# Live food tubs



## imginy (Jun 14, 2009)

I got a load of live food that needs posting out tomorrow and I have ran out of plastic tubs do you guys think it is acceptable for me to post them in brand new foil tubs like you get from a takeway?

Also where is the best place to buy empty plastic tubs for livefood?


----------



## Gentoo (Jul 6, 2010)

It wouldn't bother me unless you were selling mealworms and I didn't have any spare tubs as I always keep them in the tub they arrive in.

I was looking for Roaches and rememberd your post so Livefood Tubs ventilated | Ricks Livefood Not sure if they're a good deal or not?
Also found this on google Livefood UK Ltd.

Seems same price, haven't checked the postage.


----------



## imginy (Jun 14, 2009)

Thanks gentoo : victory:


----------



## JaMMiT (Sep 12, 2010)

I recommend going to wilko's they have some good plastic tubs there!


----------



## KarlW (Oct 6, 2009)

How many tubs would youa ctually be after?

I may be able to do you alot for a good price.


----------



## imginy (Jun 14, 2009)

Thanks and I am after around 100 : victory:


----------



## KarlW (Oct 6, 2009)

Where are you based?


----------



## Juzza12 (Jun 12, 2008)

You could use the sacks that bulk live food comes in. Just twist the top and stick a cable tie around it. You can actually get those sacks cheaper than the live food tubs.


----------



## pollywog (Oct 6, 2005)

I would of thought foil containers would cause condensation. Excess moisture kills most livefoods quite quickly.


----------



## imginy (Jun 14, 2009)

pollywog said:


> I would of thought foil containers would cause condensation. Excess moisture kills most livefoods quite quickly.


 I posted them now so no going back :lol2:
They are turks so they should be ok with the moisture and I only put 25 in each tub so they should be ok.
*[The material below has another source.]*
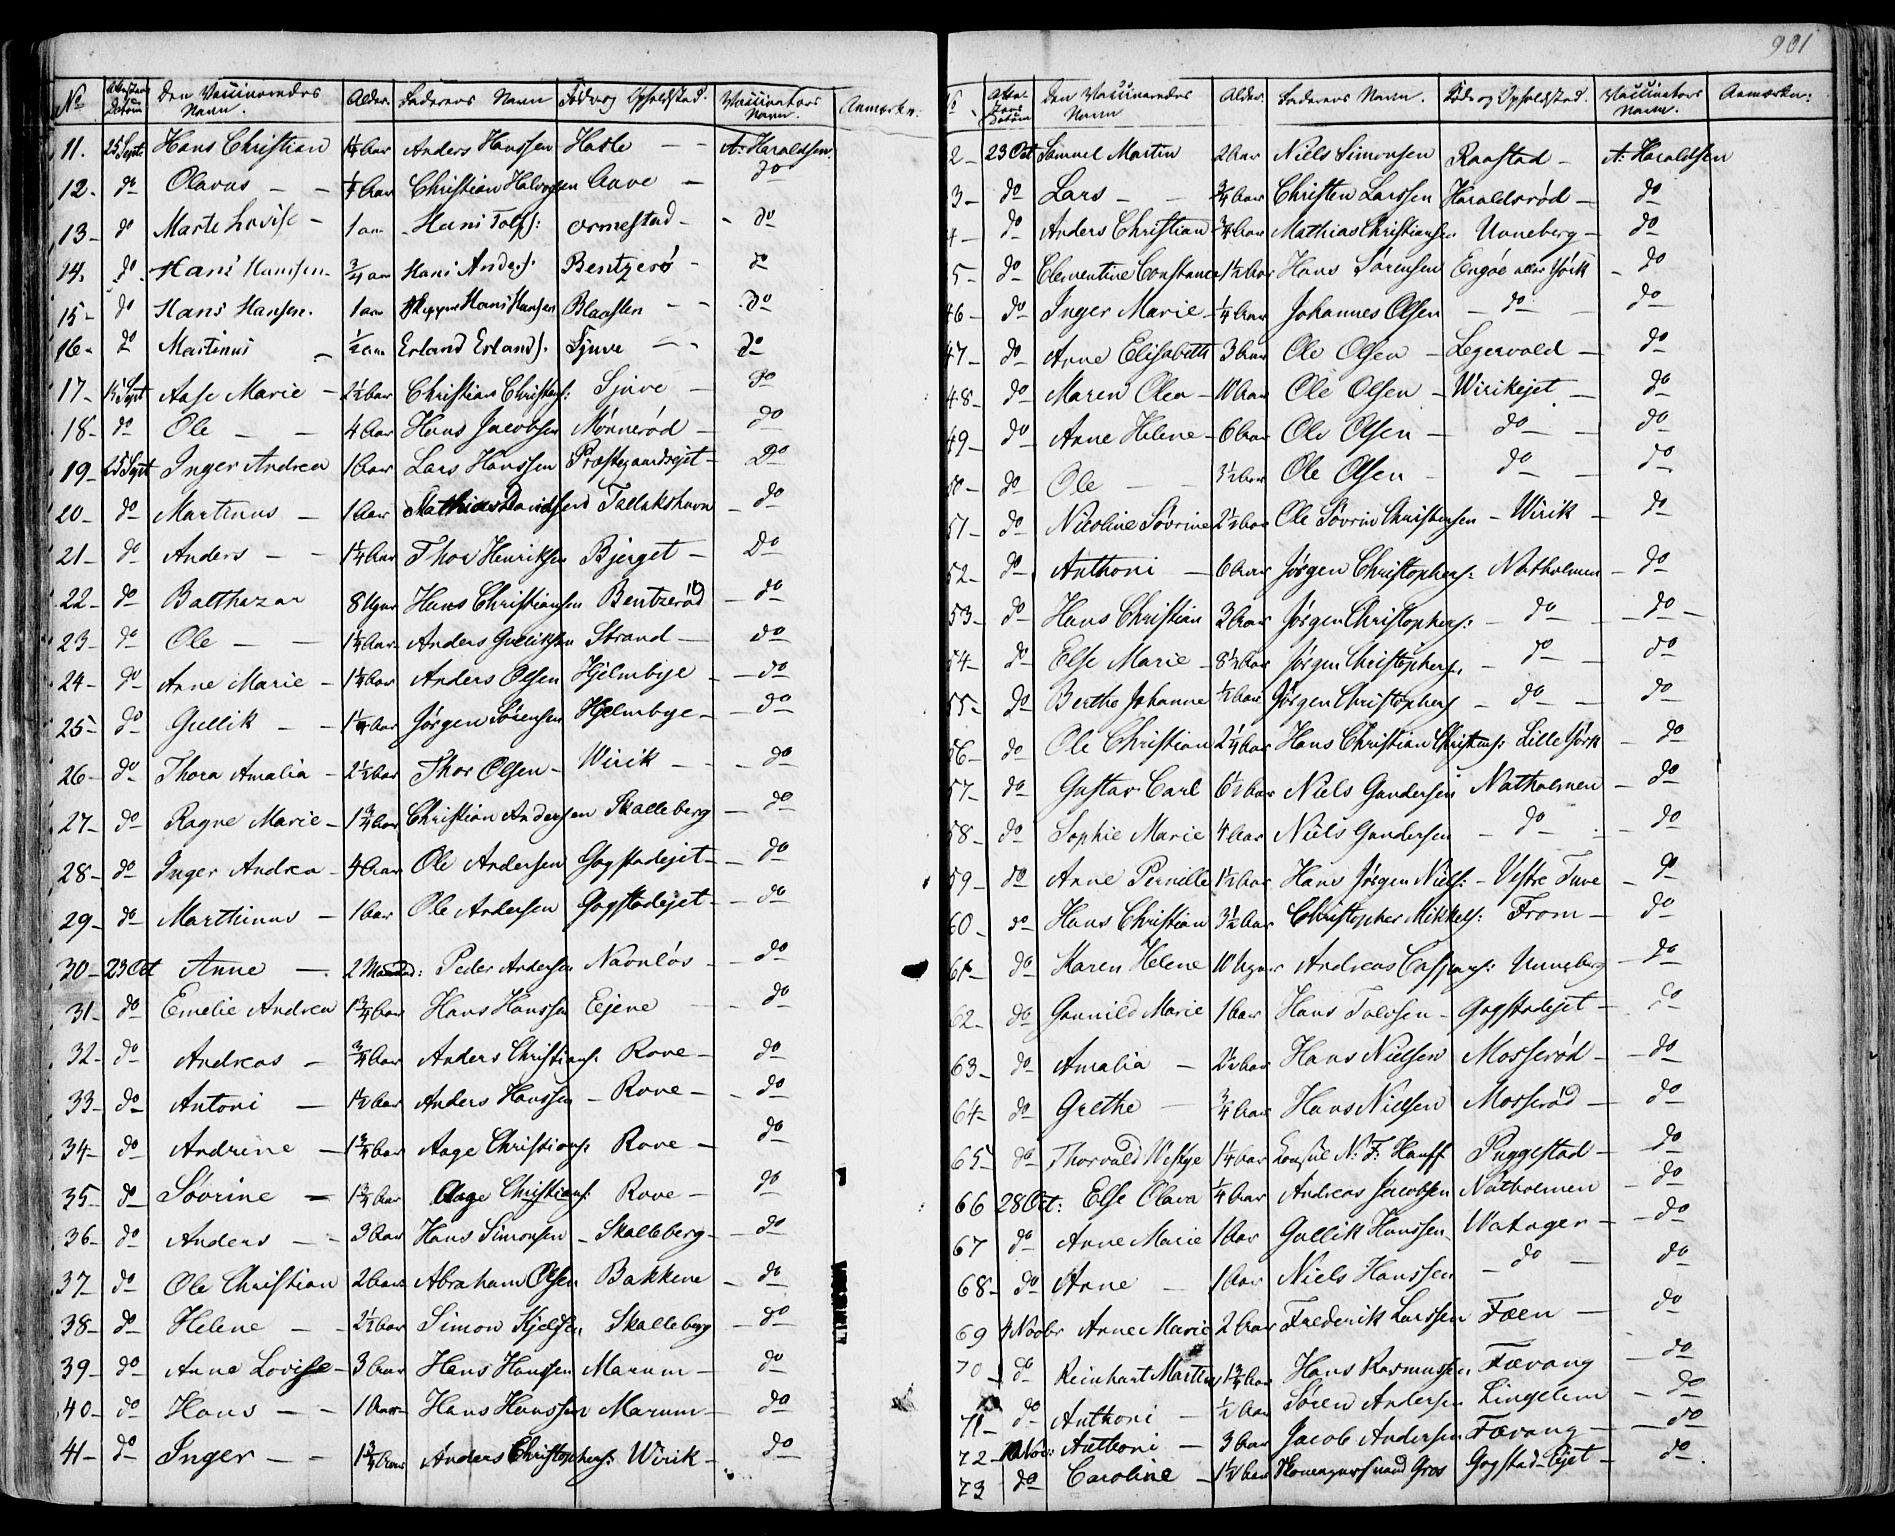 SAKO, Sandar kirkebøker, F/Fa/L0005: Parish register (official) no. 5, 1832-1847, p. 900-901

I was mainly worried about them looking scruffy and people thinking I put them in old food tubs but in the end they looked pretty neat.


----------



## KarlW (Oct 6, 2009)

Juzza12 said:


> You could use the sacks that bulk live food comes in. Just twist the top and stick a cable tie around it. You can actually get those sacks cheaper than the live food tubs.


Do you know where to buy the sacks from?


----------



## Juzza12 (Jun 12, 2008)

KarlW said:


> Do you know where to buy the sacks from?


Yeah, you can get them on ebay and also some packaging companies sell them, although only in large quantities, at least 100.


----------



## KarlW (Oct 6, 2009)

Juzza12 said:


> Yeah, you can get them on ebay and also some packaging companies sell them, although only in large quantities, at least 100.


Do they have some sort of special name?

Ive just typed "livefood bags" into ebay, and got loads of locusts/crickets, but not the bags without the food in ít.


----------



## Juzza12 (Jun 12, 2008)

Sorry, should have said, they're woven polypropylene sacks. 

Link to seller i got some from off ebay items - Get great deals on Grip seal bags, polypropylene sacks items on eBay.co.uk Shops!

Like i said these worked out a bit cheaper than buying the tubs new, and let's just say it's easier getting lobster roaches into a sack than it is a plastic tub lol


----------



## aadarachnids (Feb 16, 2010)

you can get some good tubs from poundland


----------



## ExoticInsectsUK (Nov 15, 2008)

I can sell new livefood tubs 10 for £3 + post and can sell 1000s at a time


----------